This is the first time I’m writing a post for this website so I’ll keep it short and sweet.
I was attending a physics class about classical mechanics where I got introduced to this puzzle. I enjoy the statement and the solution of this problem for a couple of a reasons. The question and are easy enough to present for your average middle schooler to understand. To solve this problem you do not need to solve for solutions but only count them. Finally, there is a natural appearance of a torus topology in the solution.
The problem is as follows. Suppose you have a standard 12 hour analogue clock with only an hour and a minute hand. The twist is that the hour and the minute hand are indistinguishable. How many times in a 12 hour period are you unable to determine the exact time?

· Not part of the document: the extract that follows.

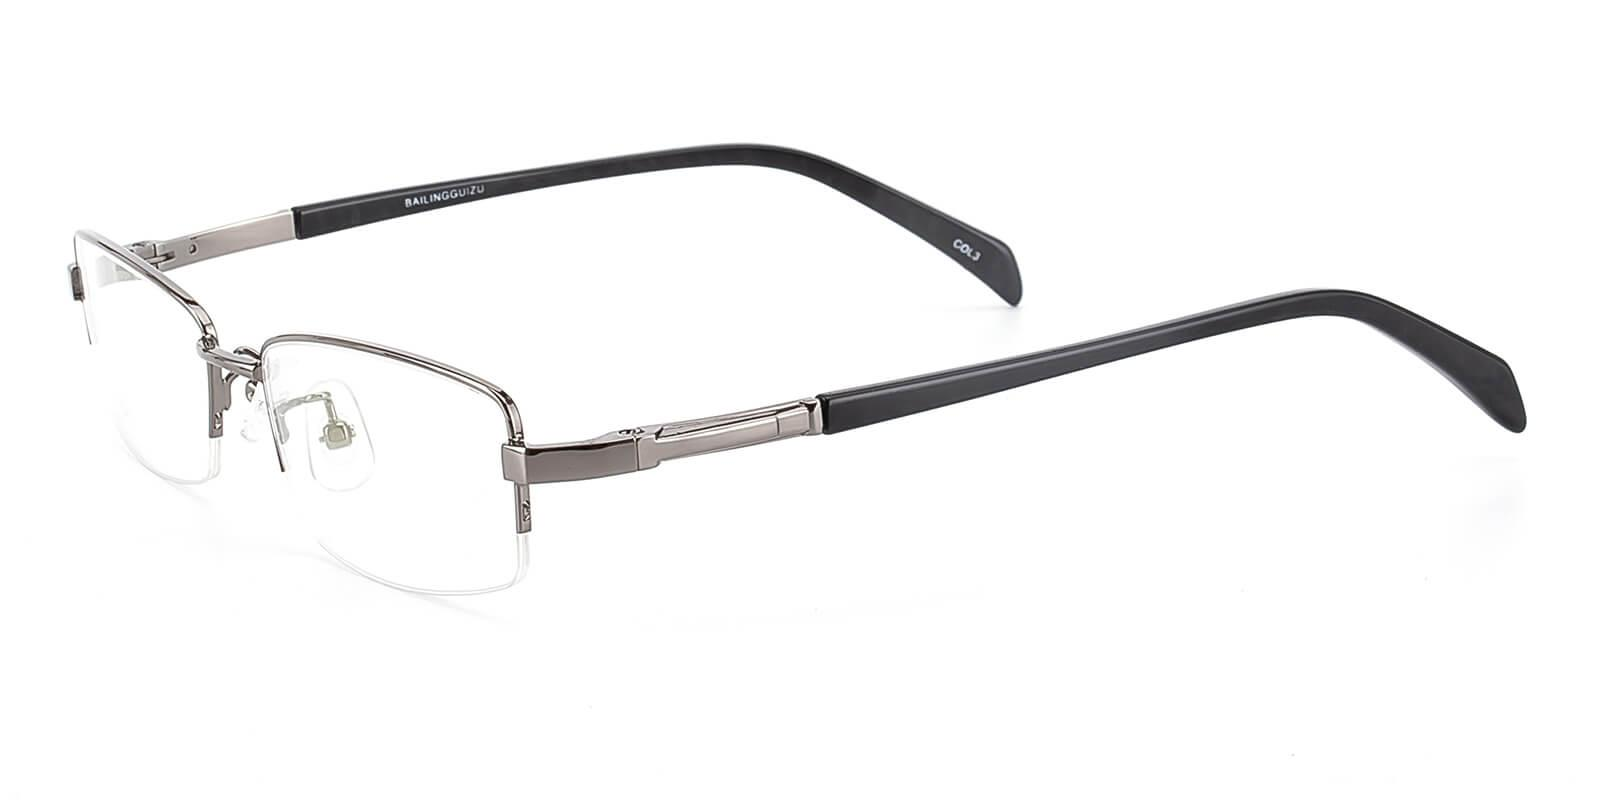 Furox-Gun-Rectangle-Metal-Eyeglasses-detail

The first important insight is that for most hours of the day, you are able to determine the exact time because you can tell which hand is the hour hand and which hand is the minute hand. For example, if one hand is pointing directly up and one hand is pointing directly to the right. The hour hand never points directly up at 12 when the minute hand is pointing directly at 3. So therefore the exact time must be 3:00.

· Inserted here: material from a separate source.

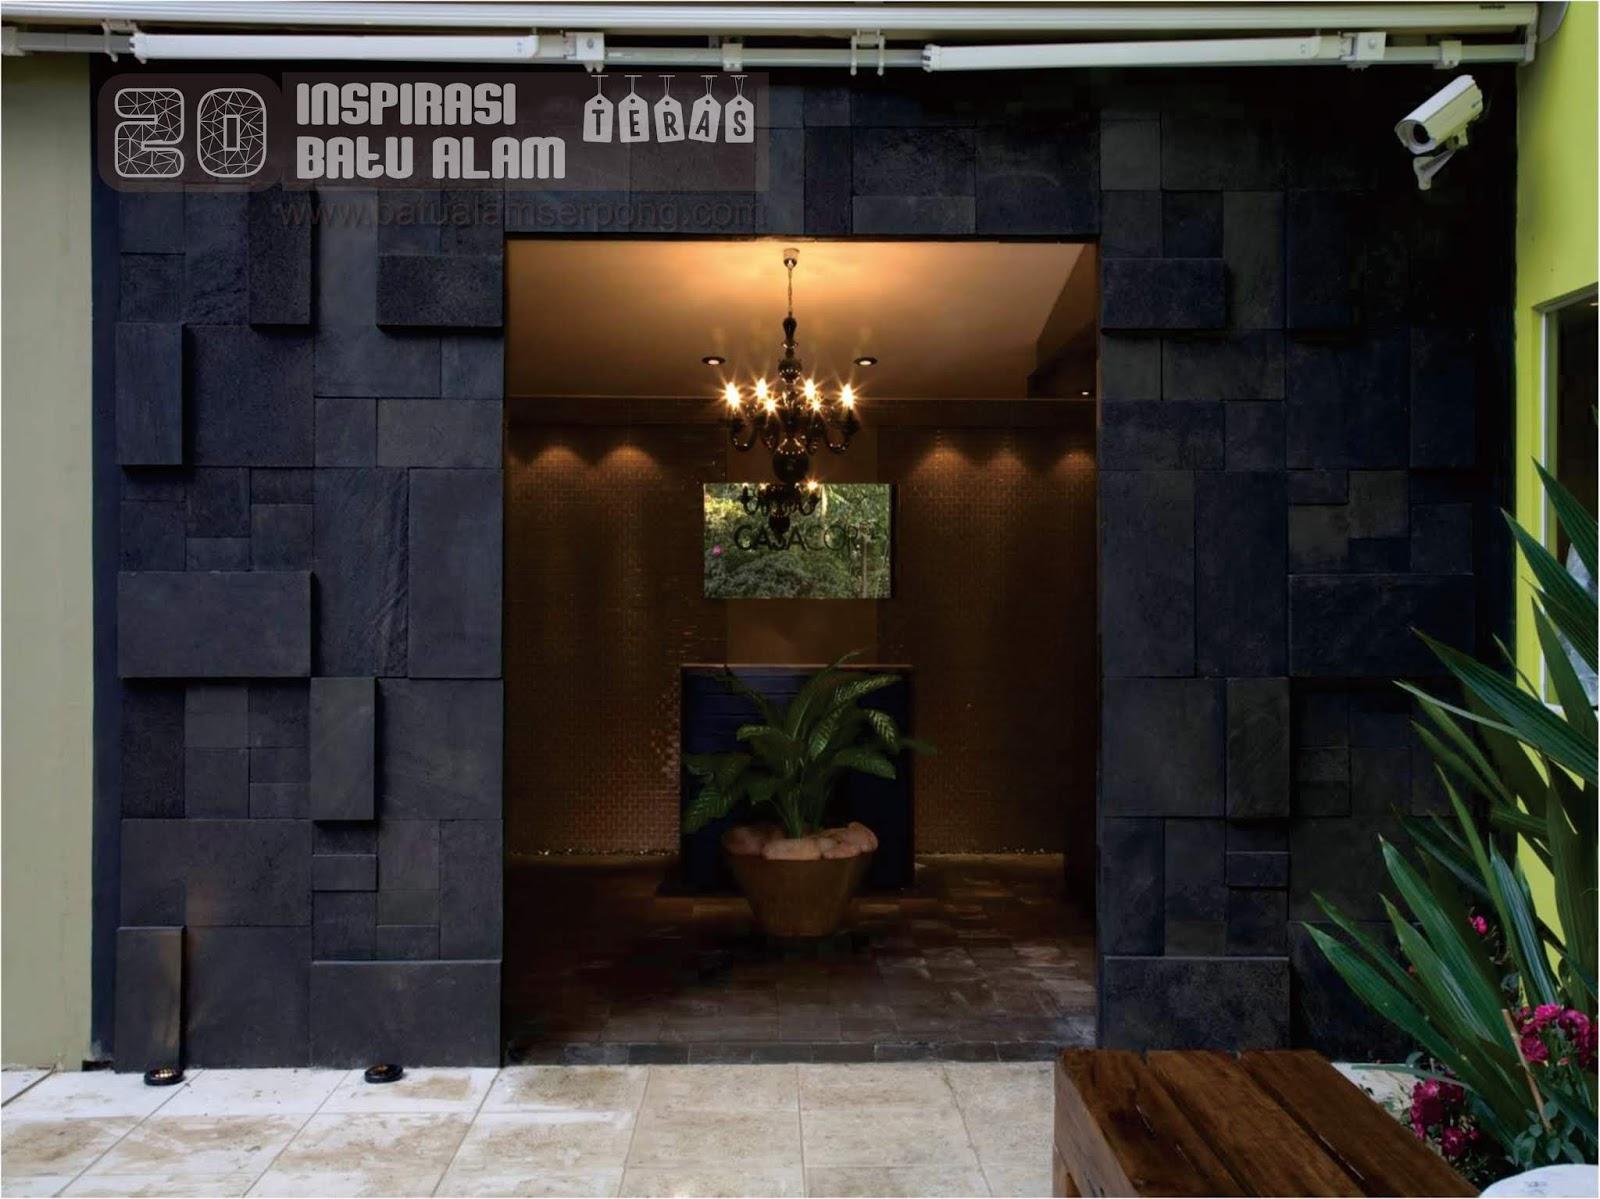 8300 Koleksi Gambar Rumah Dengan Hiasan Batu Alam Terbaik

Now I will explain one solution to this problem which involves carefully choosing a configuration space for the clock hands.
Let $x$ and $y$ represent the proportion of clock face which they have rotated for the minute and hour hand respectively.

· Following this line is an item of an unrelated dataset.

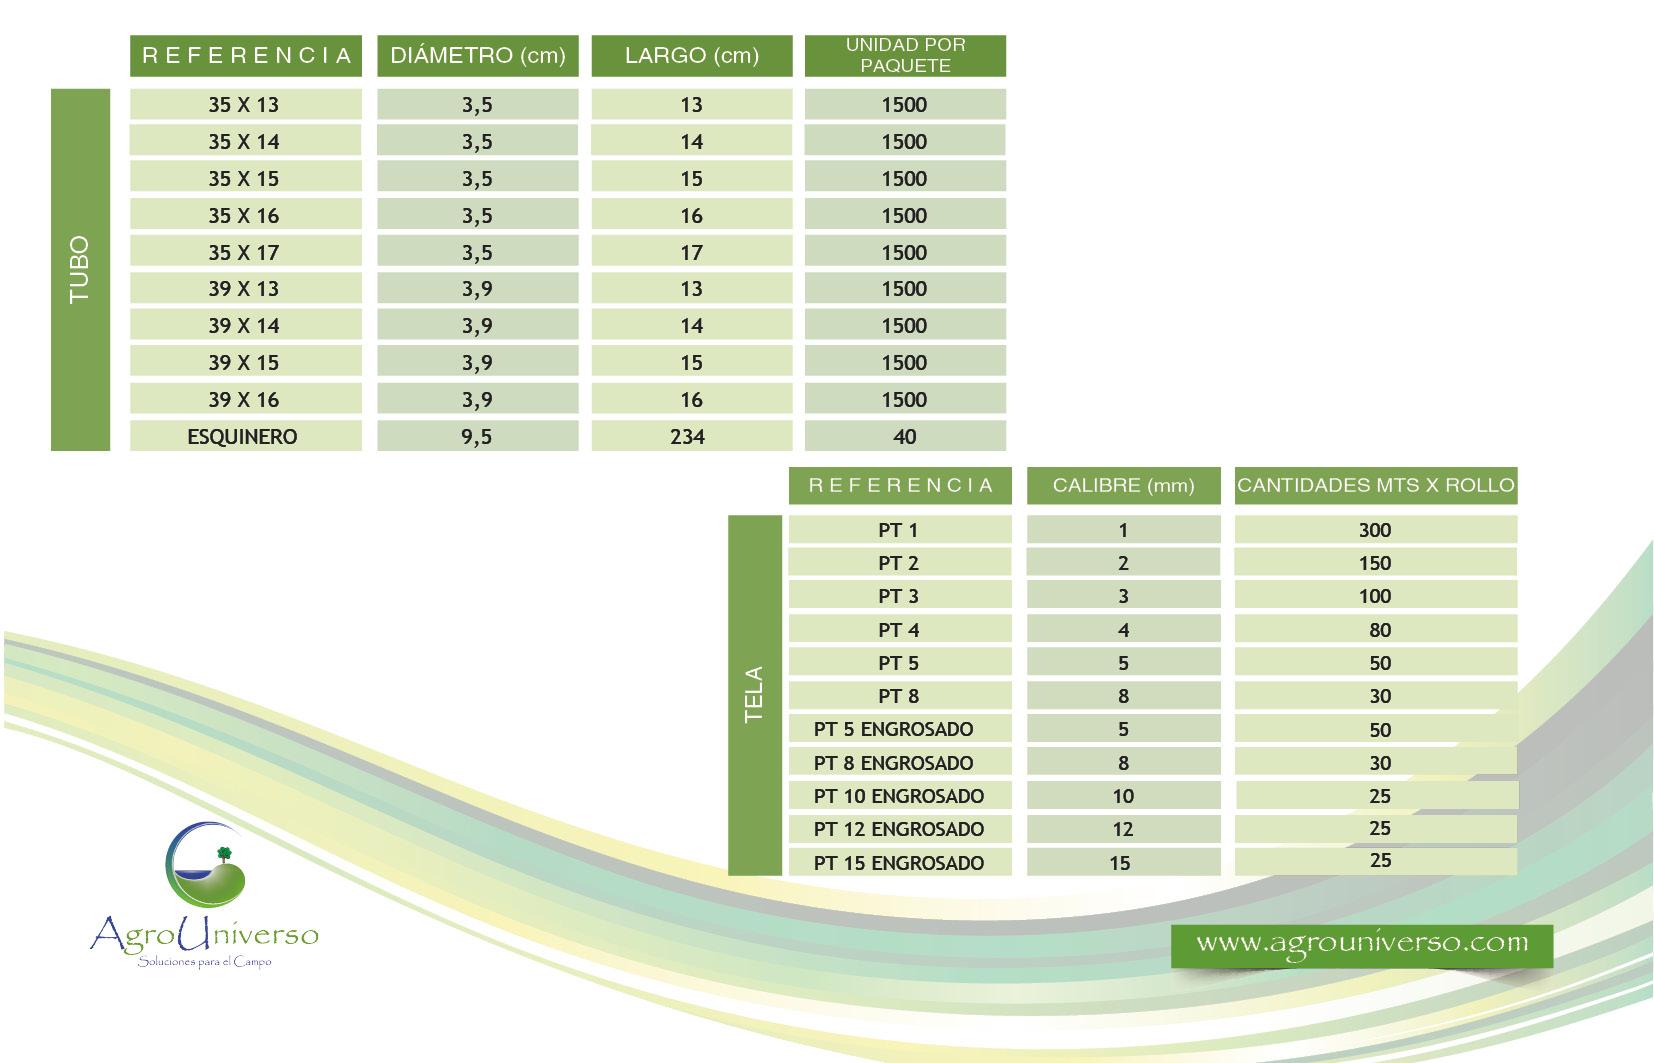 Catlogo-de-productos-Agrouniverso-37

The position of the hour hand as it rotates around as a function of the minute hand can be written as $y = \frac{1}{12}x$. However, since we have 12 possible positions of the hour hand, we actually have 12 equations of the form $y_k = \frac{1}{12}x + \frac{k}{12}$ where $k = 0, 1, \dots, 11$
Similarly, we can write $x = 12y$ to represent the minute hand as a function of the hour hand. We also get 12 separate equations depending on the exact hour we are at. These equations are $x = 12(y-\frac{k}{12})$ where $k = 0,1,\dots, 11$.
As a result, if we graph these equations on the unit square, we get 12 parallel diagonal lines from the first set of equations and 12 parallel diagonal lines from the second set of equations.
Each line in the total of 12 crossings resulting in a total of 144 crossings.
Now we need to account for the crossings that happen on the line $y=x$ because for these times, even if the hour and minute hand are switched, we get the same time. There are 12 such crossings (11 if you consider the fact (0,0) and (1,1) are the same point) so we do 144-12 = 132 (or 143 - 11 = 132) total times were we cannot tell the time.
Finally, we make a nice remake that by gluing the edges of the unit square the way we did we topologically get a torus. We can also come to this conclusion if we consider the face that the configuration space of two rotating objects $\mathbb{S}^1 \times \mathbb{S}^1$ is homeomorphic to the torus.